» Description of the task
Make an exact copy of all the data, pictures excluded.

Input data below:

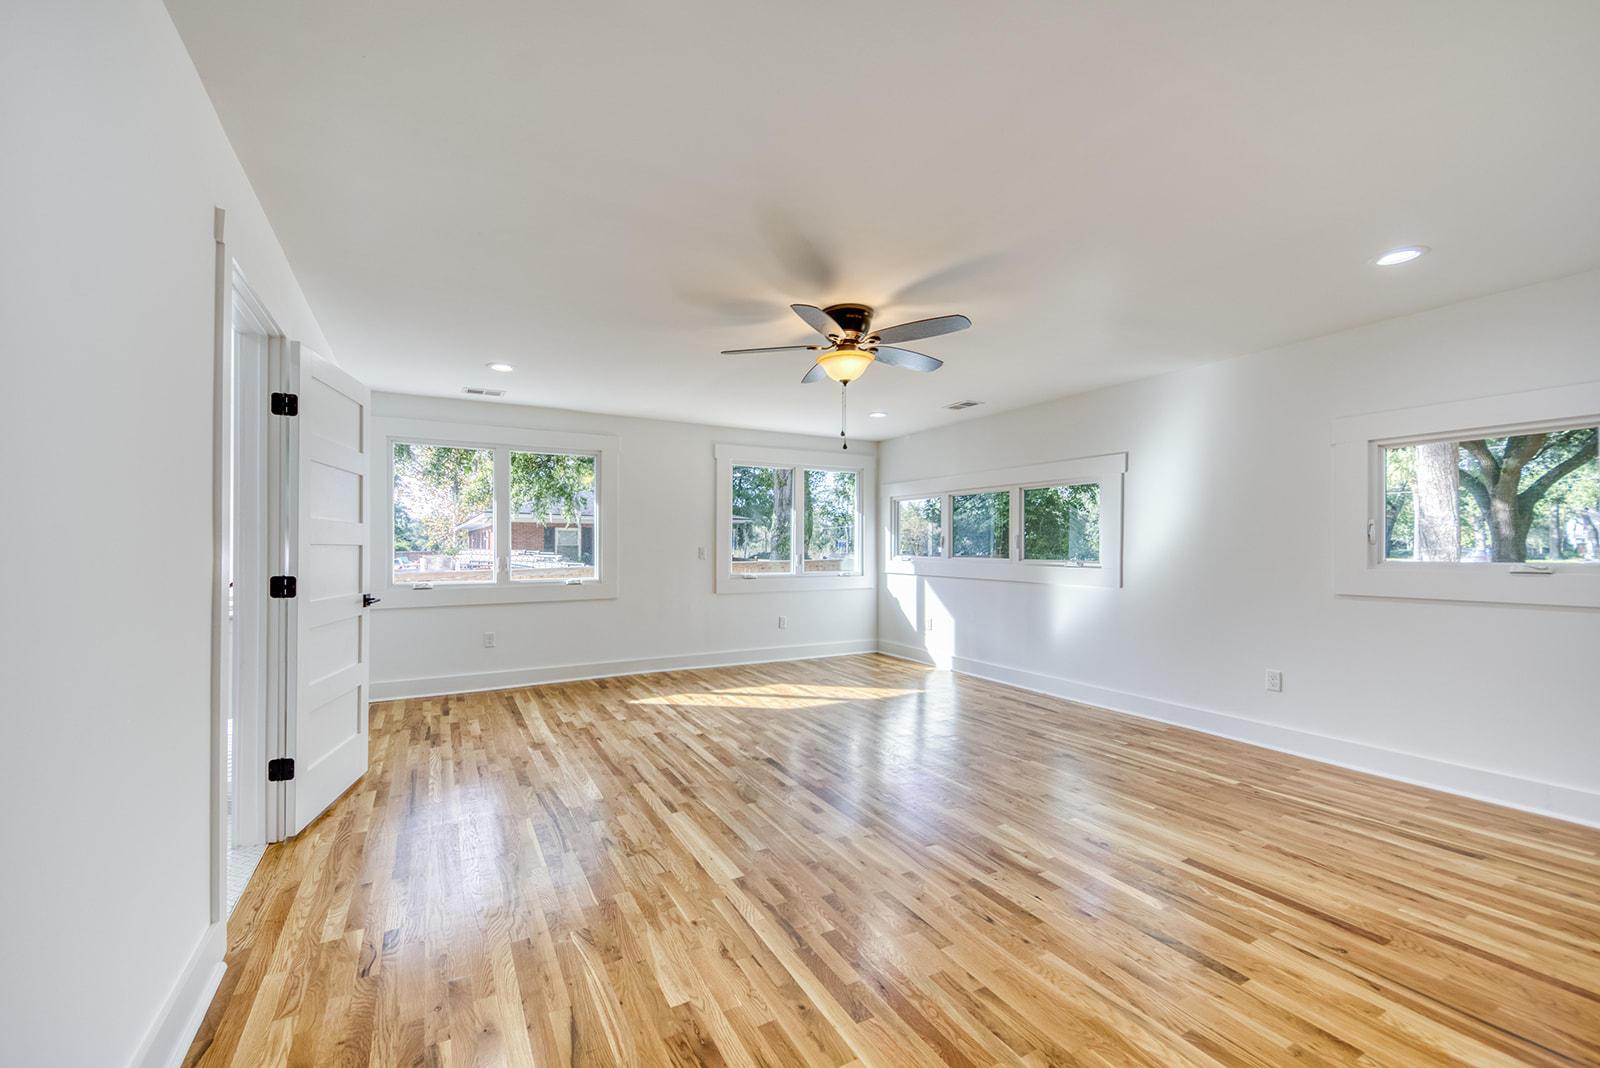 Bay View Acres Homes For Sale - 265 Coleman, Mount Pleasant, SC - 5
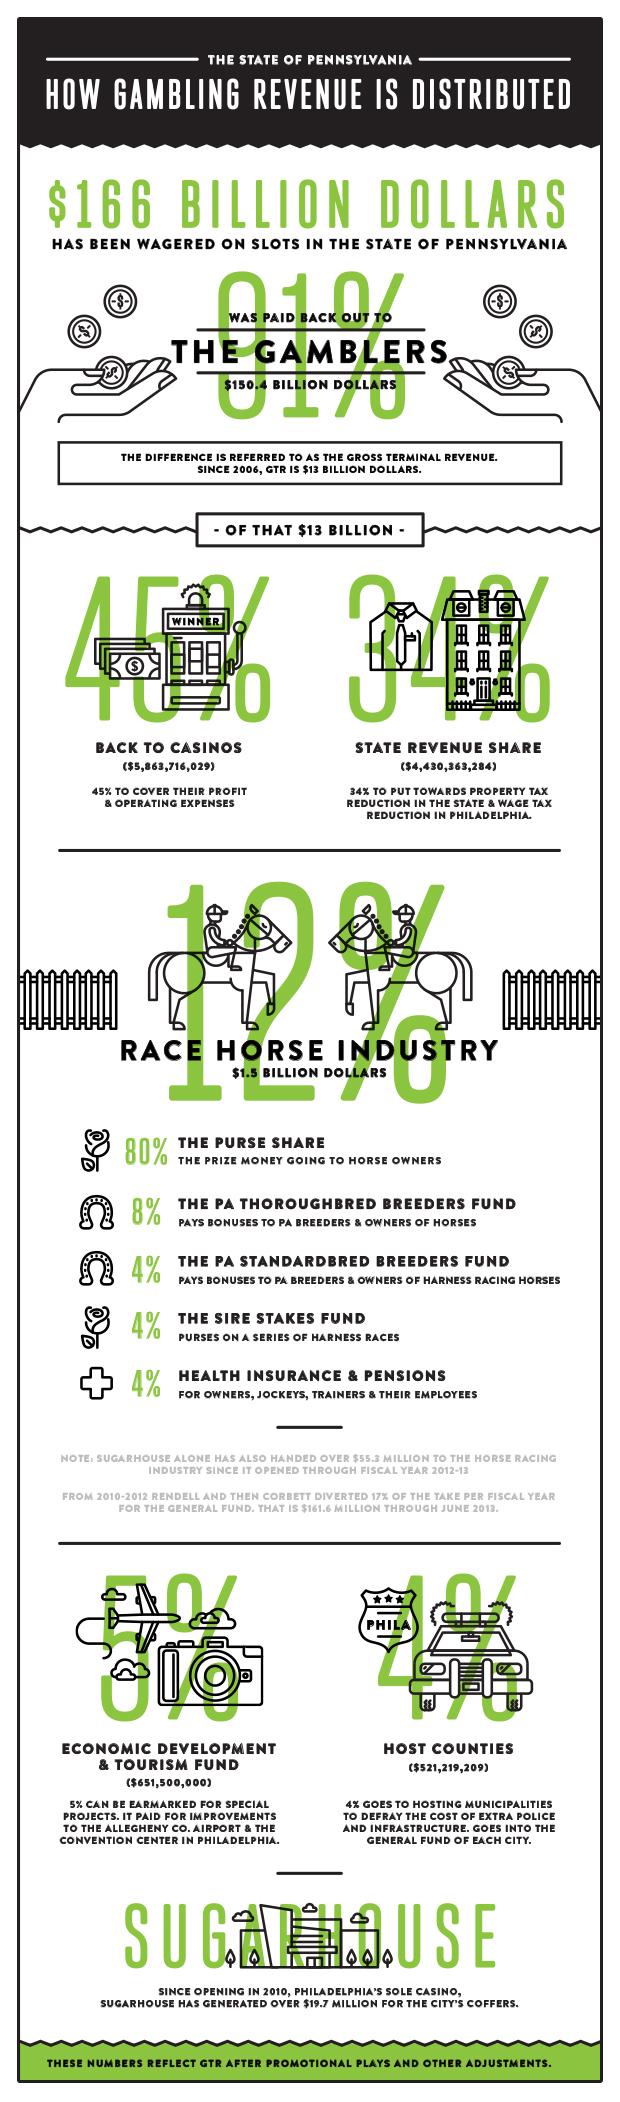 PhillyDotCom-Infographic-Gambling-0729.jpg
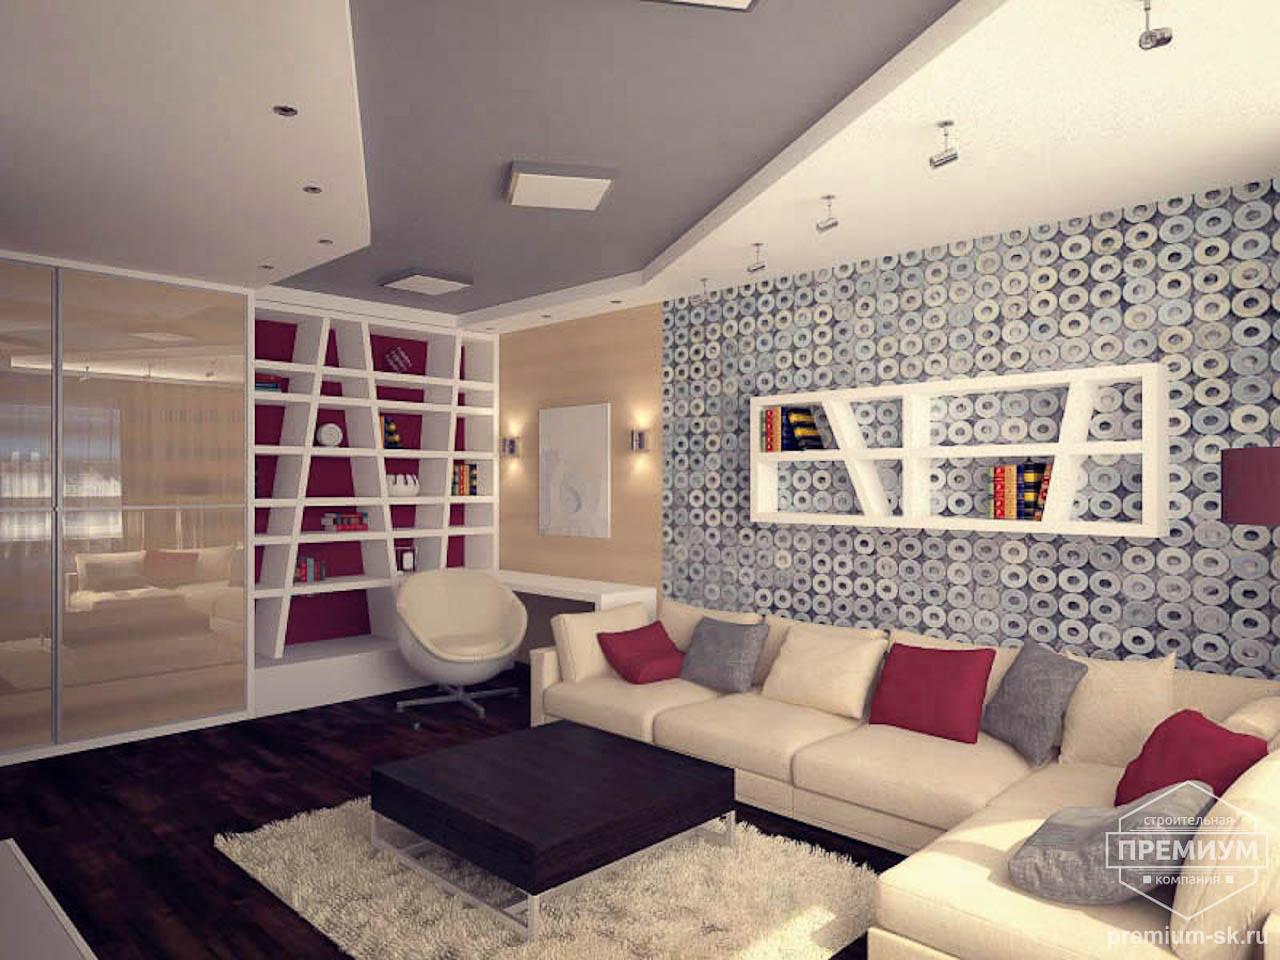 Дизайн интерьера однокомнатной квартиры по ул. Сыромолотова 11 img1305626655

End of Input data.

» Finished exercise
 Bay View Acres Homes For Sale - 265 Coleman, Mount Pleasant, SC - 5
 PhillyDotCom-Infographic-Gambling-0729.jpg
 Дизайн интерьера однокомнатной квартиры по ул. Сыромолотова 11 img1305626655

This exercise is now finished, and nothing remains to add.